August 23, 2024

Opinion:

Do self-proclaimed white nationalists understand what that actually means?

Josh Hawley has declared he advocates Christian nationalism. Well, then.

“Some will say now that I am calling America a Christian nation. So I am. And some will say that I am advocating Christian nationalism. And so I do,” the U.S. senator from Missouri announced this month from the podium of the National Conservatism Conference in Washington.

The conference, known as NatCon, promotes “the rich tradition of national conservative thought as an intellectually serious alternative to the excesses of purist libertarianism, and in stark opposition to political theories grounded in race.”

Uh huh.

Maybe it should be no surprise that the man who fist bumped the insurrectionist crowd on Jan. 6, who wrote “Manhood: The Masculine Virtues America Needs,” and who fought the Affordable Care Act as an attorney in the Hobby Lobby case has come out for Christian nationalism.

But I’m going to wager that some of you don’t really know what that is and perhaps have not even heard of it.

Only a third of U.S. adults say they have heard of Christian nationalism and have a favorable or unfavorable view of it, according to a February Pew Institute poll.

But 60% of Christians haven’t heard of it.

More Democrats than Republicans have (55% to 36%). So why are conservative politicians bandying around the term like it’s the next commandment on those stone tablets God gave to Moses?

I’ve challenged Hawley before on what he says he believes. In his 4,300-word treatise, “Our Christian Nation,” for the magazine First Things, Hawley seems to understand the true origins of Christianity and favors Jesus Christ over “the strong man.”

So, I have to ask again, and challenge anyone claiming to be a Christian nationalist this question: Are you sure, and do you really know what you’re claiming to be?

Christian nationalism is not Christian, and it goes beyond the idea that we live in a Christian nation.

Let’s take a look.

I’m not a Bible scholar, nor an expert in the study of Christian nationalism. So, I turned to someone who is: Andrew Whitehead is an Indiana University professor of sociology and executive director of the Association of Religion Data Archives at the Center for the Study of Religion and American Culture.

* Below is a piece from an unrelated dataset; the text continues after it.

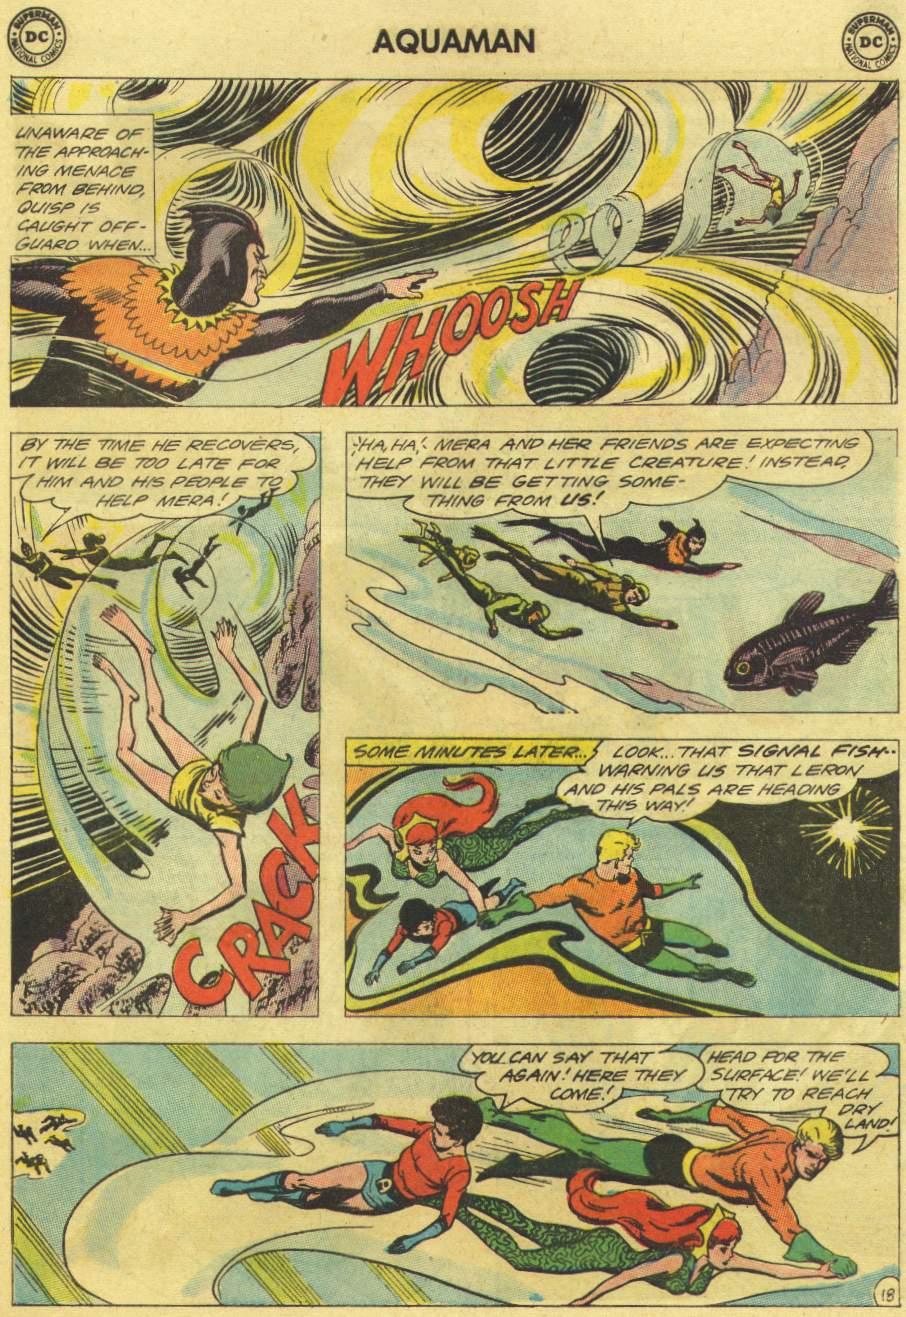 Read online Aquaman (1962) comic -  Issue #11 - 25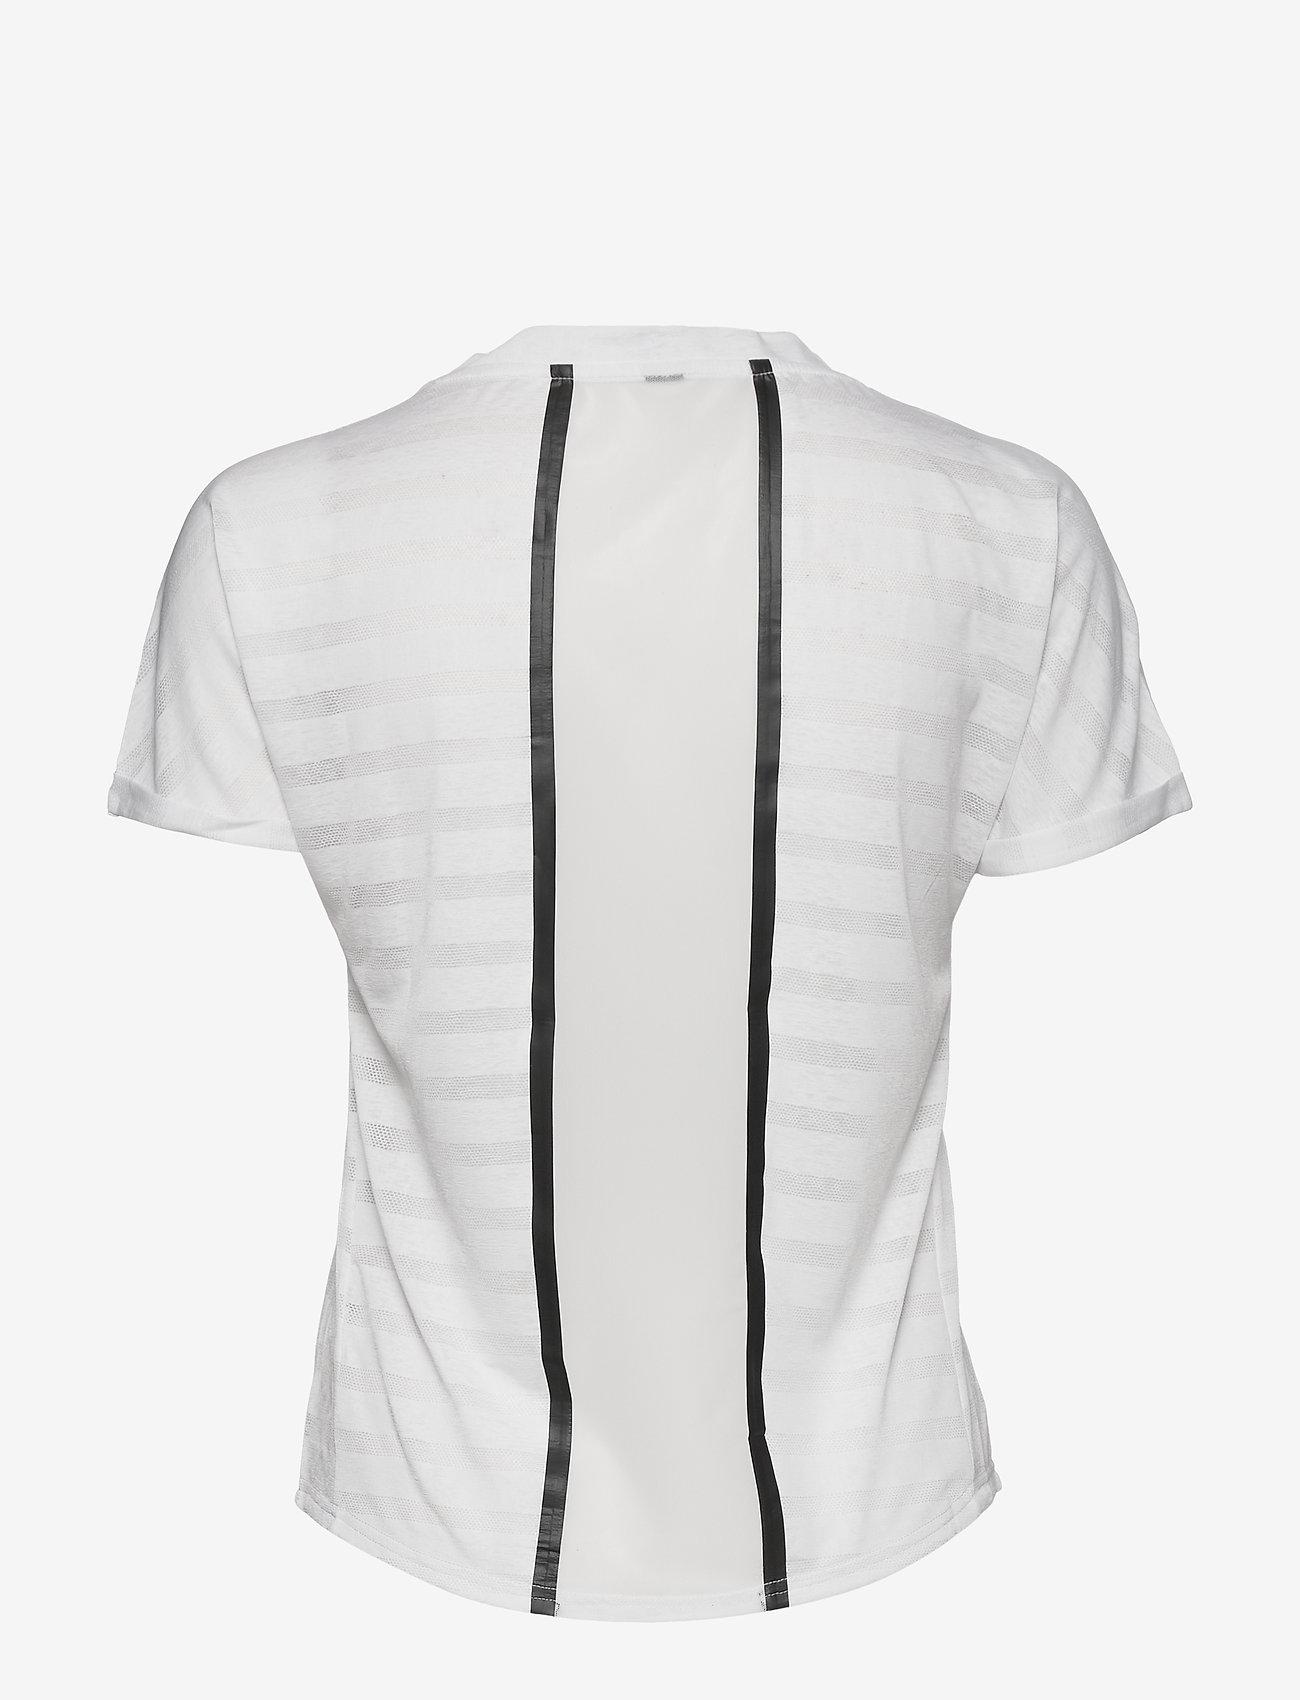 The North Face W Varuna Tee - T-shirts & Tops

He has written two books, “Taking America Back for God: Christian Nationalism in the United States” and “American Idolatry: How Christian Nationalism Betrays the Gospel and Threatens the Church.”

I asked Whitehead to explain the term to someone who has never heard of it.

“Christian nationalism is the desire to see the fusion of a very particular expression of Christianity with American civic life. And it believes that this particular expression of Christianity should undergird all of what America is and how it operates and that the government should defend and preserve this form of Christian nationalism as the cultural ideal in the United States.”

Notice that Whitehead uses the term “particular expression of Christianity” a lot. That’s because there are lots of expressions of faith in America and the world. But Whitehead said this kind of expression combined with nationalism brings with it what he calls “cultural baggage.”

“The Christian of Christian nationalism is focused on one particular type and it isn’t just kind of Orthodox historic Christian beliefs like, ‘I believe in the divinity of Jesus,’ or that ‘God is three parts in one,’ or those types of things.”

Key elements of Christian nationalism

Whitehead identified four key elements in Americans surveyed that show how strongly they embrace Christian nationalism:

• Authoritarian social control (we live in a chaotic world and need order)

• Desire for a traditional patriarchal social hierarchy (men lead; women support)

• Strict ethnoracial boundaries (white, natural-born, Anglo-Protestant)

• Populism and a tendency toward conspiratorial thinking (us versus them).

From a historic Christian perspective these beliefs go against the teachings of Jesus Christ in so many ways: God gave us free will to make decisions and mistakes. Women followers of Christ led in the early church. Jesus preached to a multicultural following. Jesus invited everyone to the table.

The puzzle pieces of Christian nationalism simply don’t fit into the larger picture of Christianity.

My biggest concern is that because so many people don’t really know what Christian nationalism means, the only way they’ll find out is from political candidates who aren’t explaining the whole story.

To be certain, it’s more than being patriotic and loving God.

So if you really believe we live in a chaotic world and need a white, male savior to take America back from all of the others, then maybe you are a Christian nationalist.

But if you are someone with conservative values who loves Jesus and apple pie, maybe you aren’t. And that’s OK.

Yvette Walker is a columnist for The Kansas City (Mo.) Star.